# Clutch in start - bad for car/engine?



## r34skyline (Oct 20, 2004)

Hi,

just wanted to get some peoples opinions on any negative side effects to clutch in starting of a r34 GTR...

workshop the car is taken too said to change it as it was bad for something a rather, which they think had cost an engine of at least one person they know, or a customer etc. 

I don't know if the clutch in start was something that Nissan had from factory with r34 gtrs, all i know is that it's been changed from pull to push, or the other way around  - so i'm not sure if the clutch in start was changed then as well. 

If it is a factory procedure, i would find it hard to believe it's detrimental to the car? it's a built 26, but i wouldn't think that would make a difference?

anyways, just thought i'd get some opinions on whether i should change it next service


cheers


----------



## markpriorgts-t (May 23, 2004)

didnt know you had to do that on a 34

anyway on a std clutch or single plate should be OK, however twin, triple & quads can exert enough pressure to deform the crank slightly and rub the bearings


----------



## MIKEGTR (Jul 8, 2005)

It comes from years ago when starter motors weren't as strong as they are now, you are just reducing the rotating mass


----------



## freakazoid3 (Jan 19, 2008)

I personally never touch the clutchpedal while starting as it pust extra load on the crank's thrust bearings for no reason...So clutch untouched while starting I would say :thumbsup:


----------



## blue34 (Jul 28, 2005)

my 350zgt won't start at all unless the clutch is pressed in (some kind of safety feature) so obviously Nissan don't think this will do any harm, at least not during the normal life of an engine.

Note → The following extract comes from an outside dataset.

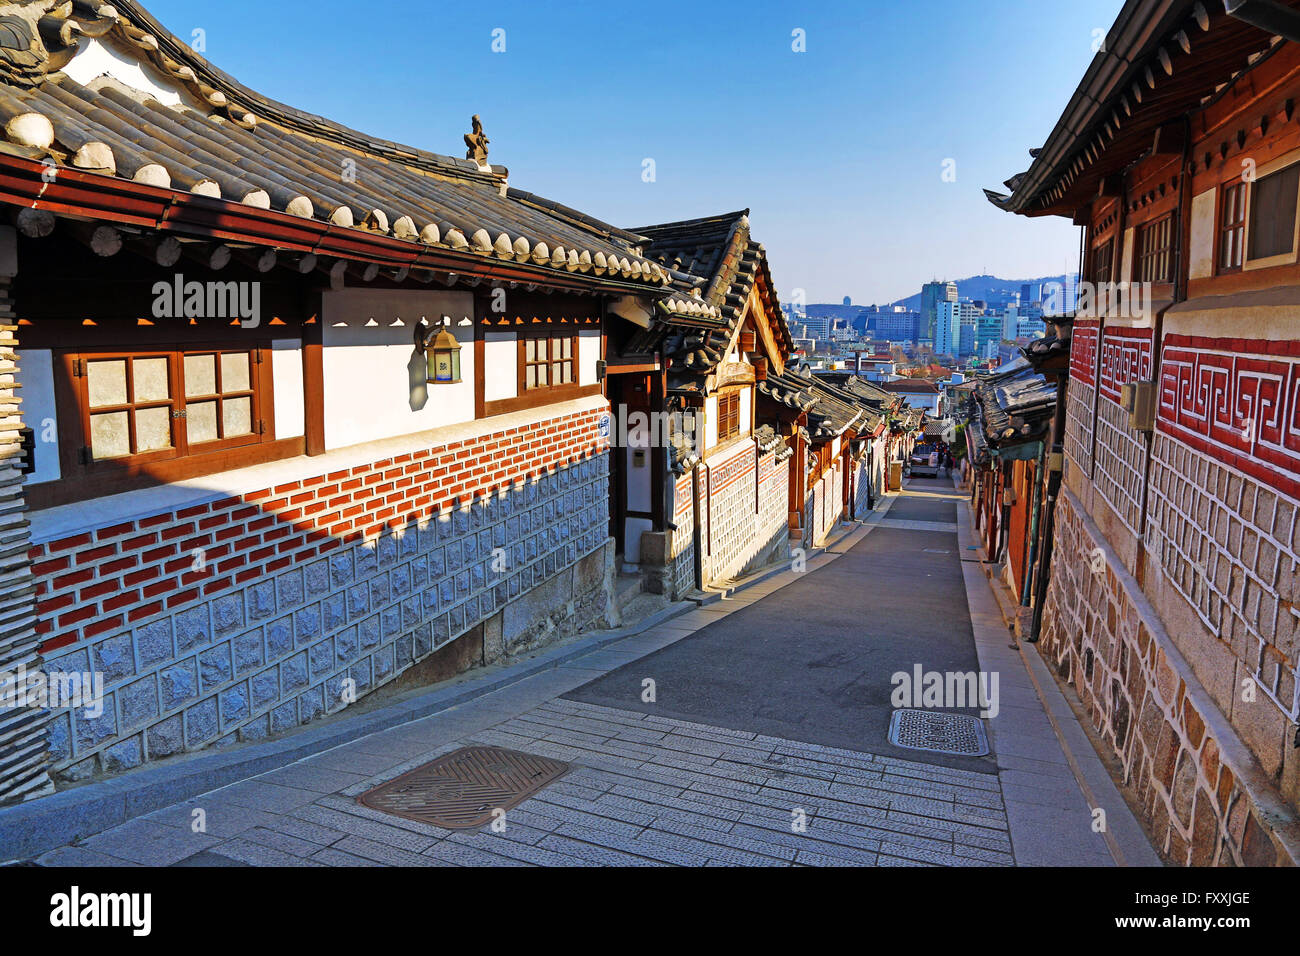 Street scene in the old town of Bukchon Hanok village in Seoul, Korea Stock Photo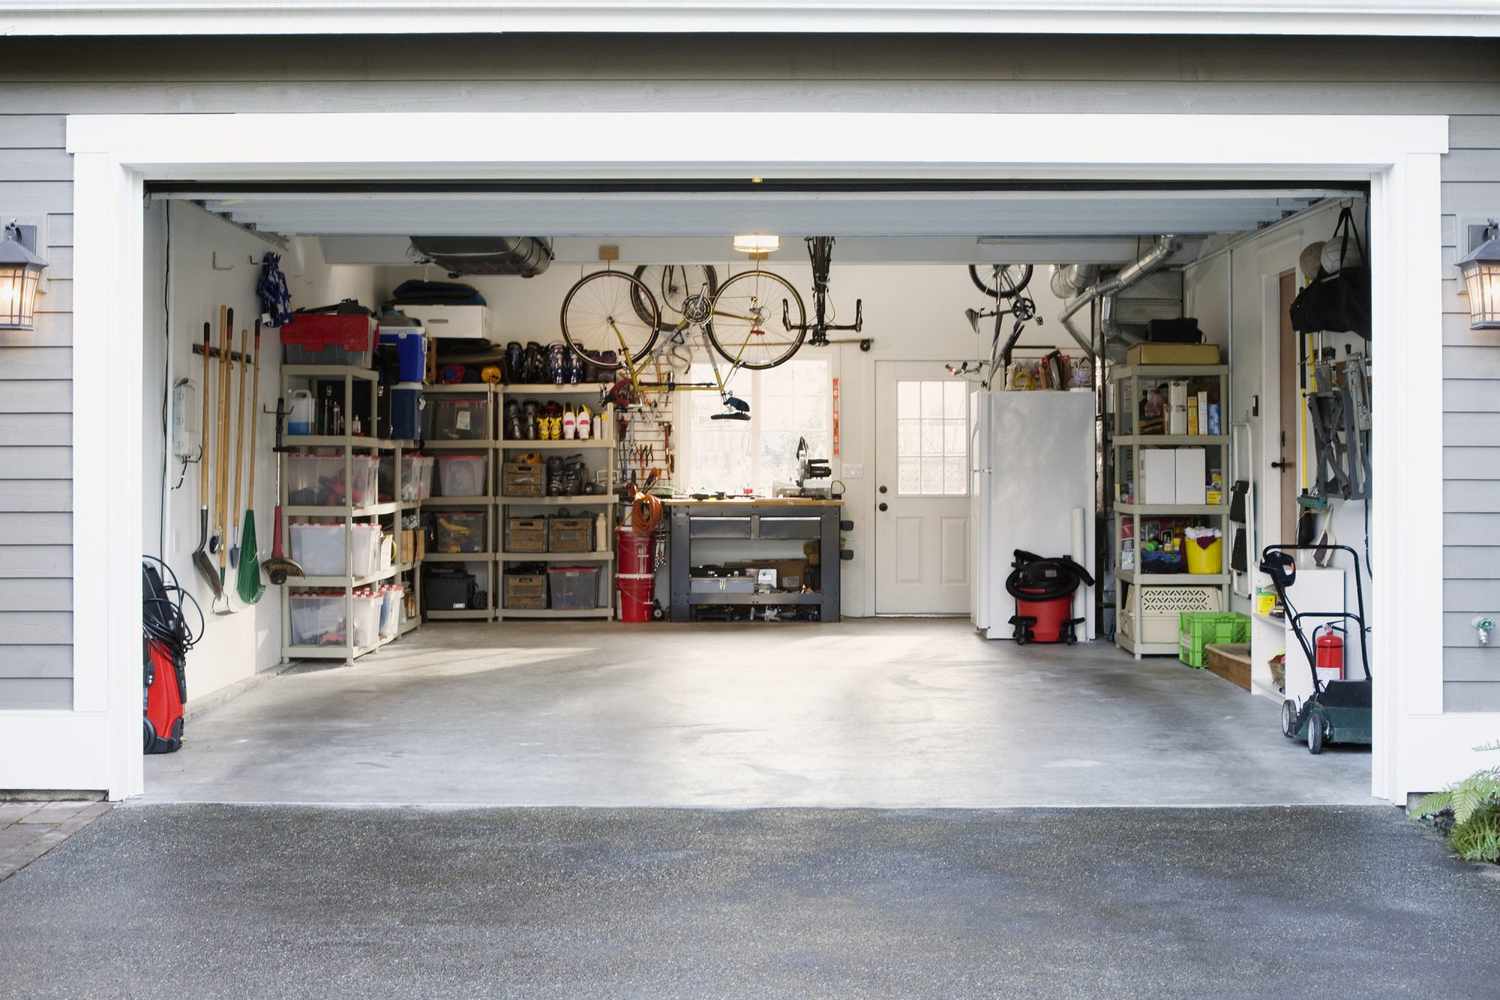 Organized garage with storage bins and bikes

Maybe if you were using a high spring pressure drag clutch it might not be a good idea but generally I doubt this would bother a thrust bearing too much even while the oil pressure is building, considering how many hundreds of times a day the clutch pedal is depressed during driving in a traffic jam.


----------



## blue34 (Jul 28, 2005)

markpriorgts-t said:


> didnt know you had to do that on a 34


You don't....


----------



## bluesky (Mar 12, 2006)

I have to put clutch in to start my 34.


----------



## R.I.P.S NZ (May 7, 2004)

I'd definatly bypass it especially if you have an aftermarket clutch, its not good for the thrust bearings and definatly can lead to premature engine failier (also check that your clutch has had the free play set correctly.)

Just join the wires at the plug so the ecu thinks you have the clutch in all the time.


----------



## blue34 (Jul 28, 2005)

bluesky said:


> I have to put clutch in to start my 34.


Never seen that before? Is it a UK model specific thing or has mine been disconnected before I bought it? I can't think of any reason to push the clutch in if you don't have to, unless of course you don't check it's in neutral first and agree any wear is best avoided if you can.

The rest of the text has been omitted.